Brief — Each line of the data below goes into the copy exactly; pictures do not.

Data for analysis —
┄┄┄┄┄┄

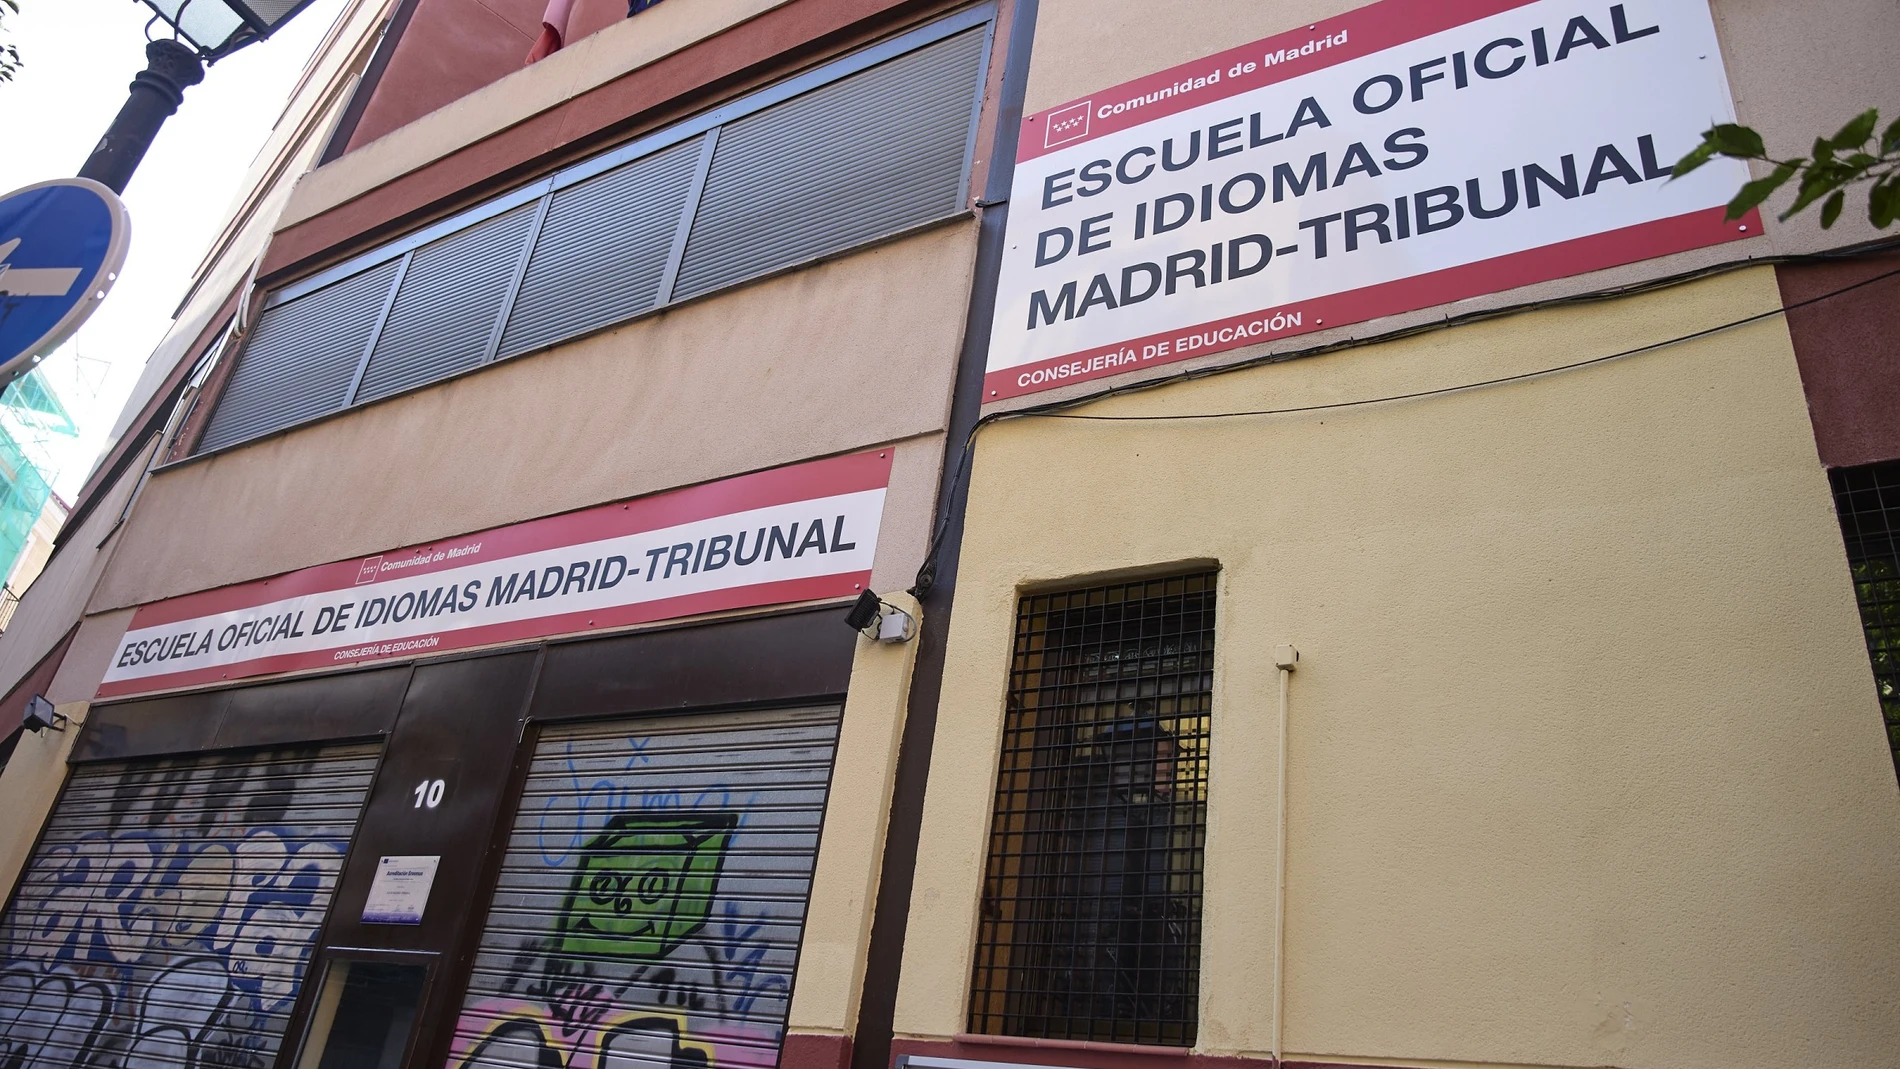 Fachada de la Escuela Oficial de Idiomas Madrid-Tribunal, situada en la calle de Santa. Brígida
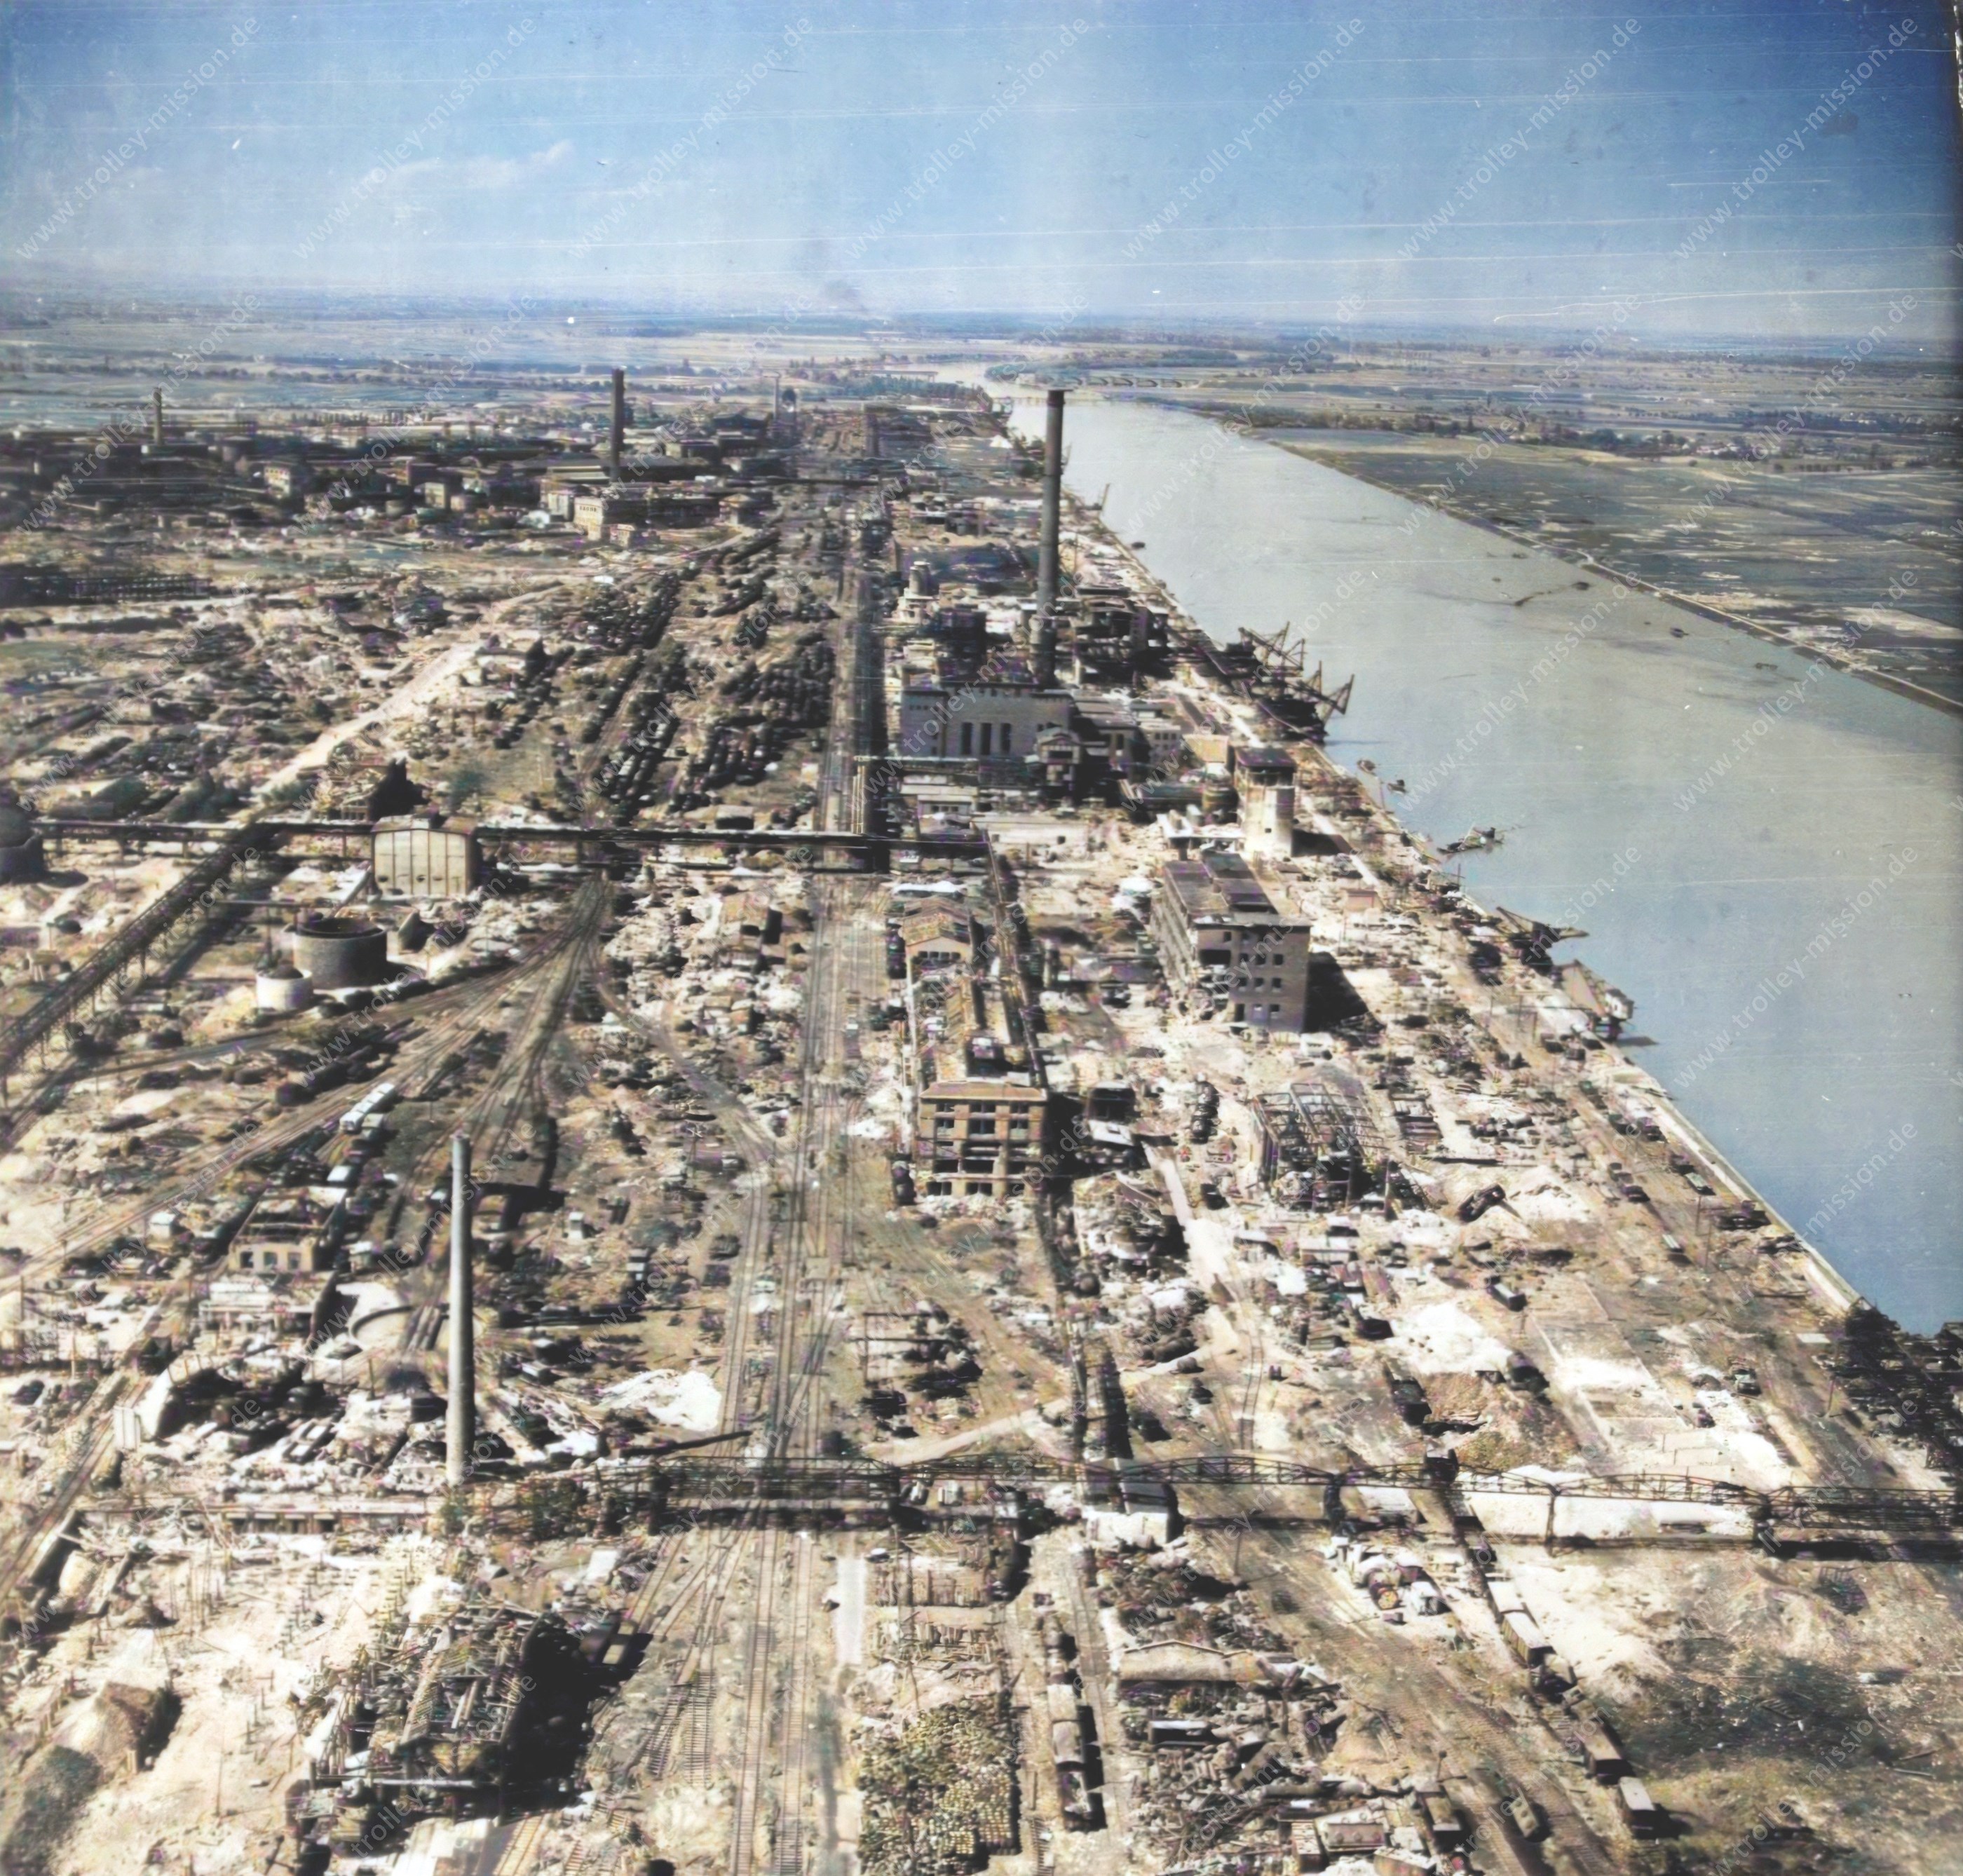 Die Luftbildaufnahme aus dem Jahre 1945 zeigt einen Überblick über das Werksgelände der ehemaligen I. G. Farbenindustrie AG in Ludwigshafen am Rhein nach den schweren Luftangriffen.
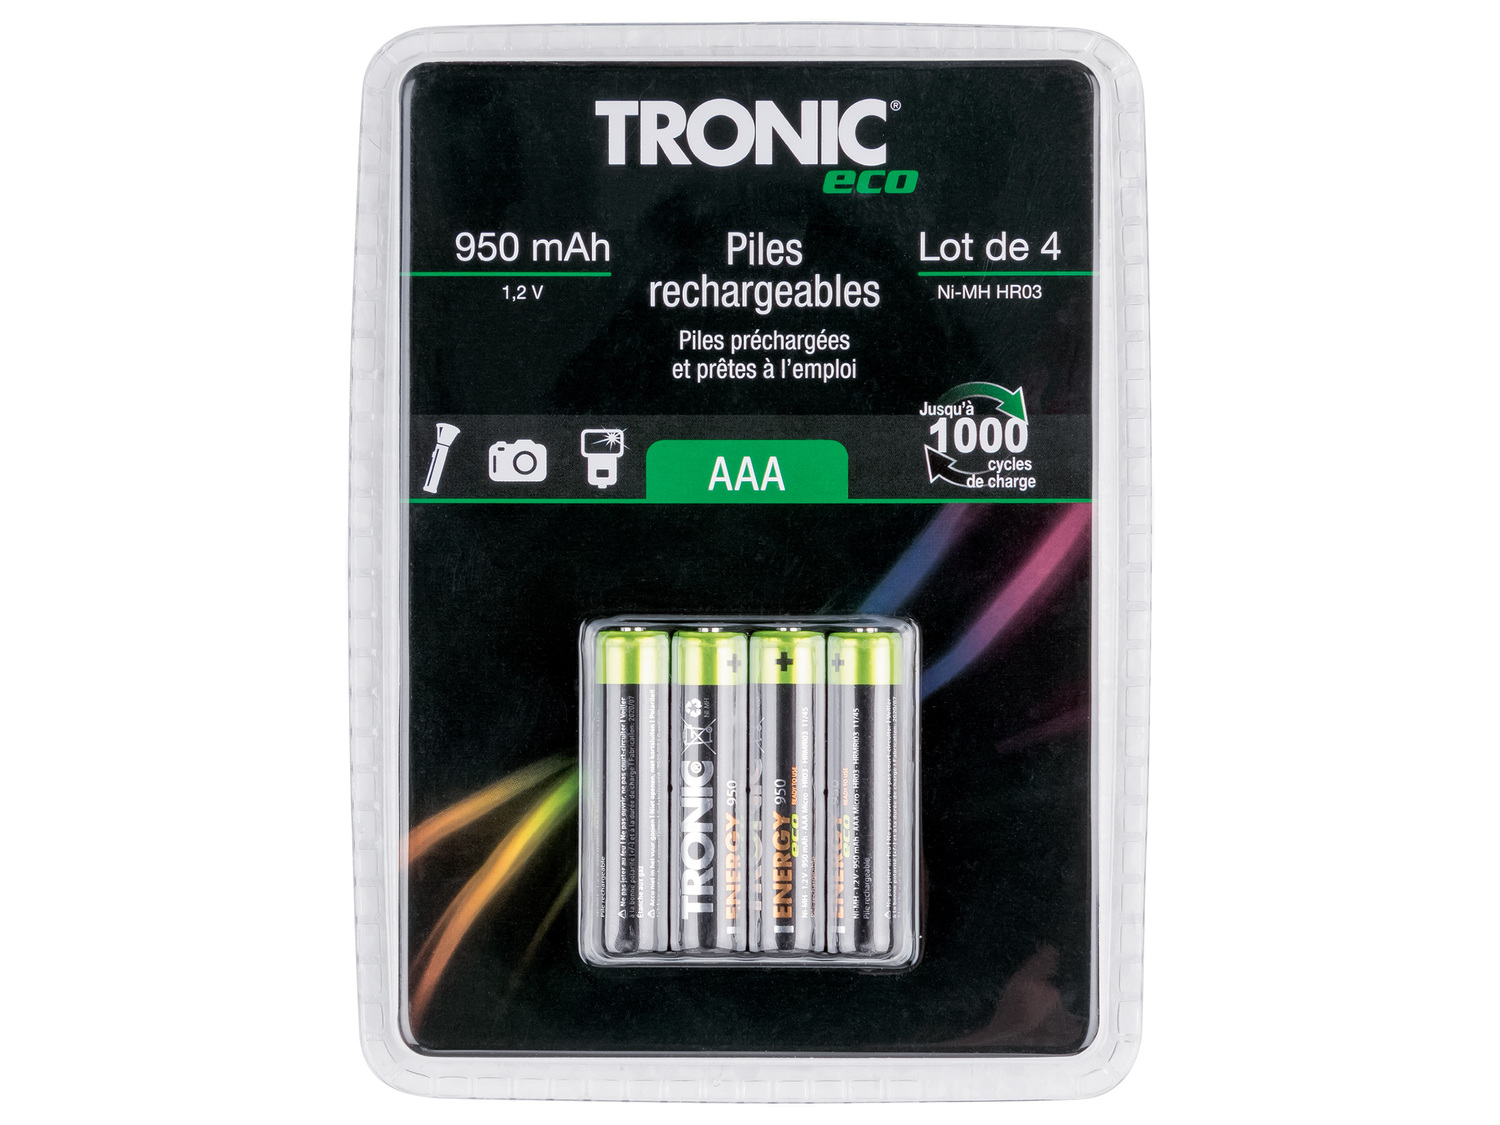 Piles rechargeables Tronic, le prix 3.99 € 
- Jusqu’à 1 000 cycles de charge
- ...

┄┄┄┄┄┄

Written answer —
 Fachada de la Escuela Oficial de Idiomas Madrid-Tribunal, situada en la calle de Santa. Brígida
 Die Luftbildaufnahme aus dem Jahre 1945 zeigt einen Überblick über das Werksgelände der ehemaligen I. G. Farbenindustrie AG in Ludwigshafen am Rhein nach den schweren Luftangriffen.
 Piles rechargeables Tronic, le prix 3.99 € 
- Jusqu’à 1 000 cycles de charge
- ...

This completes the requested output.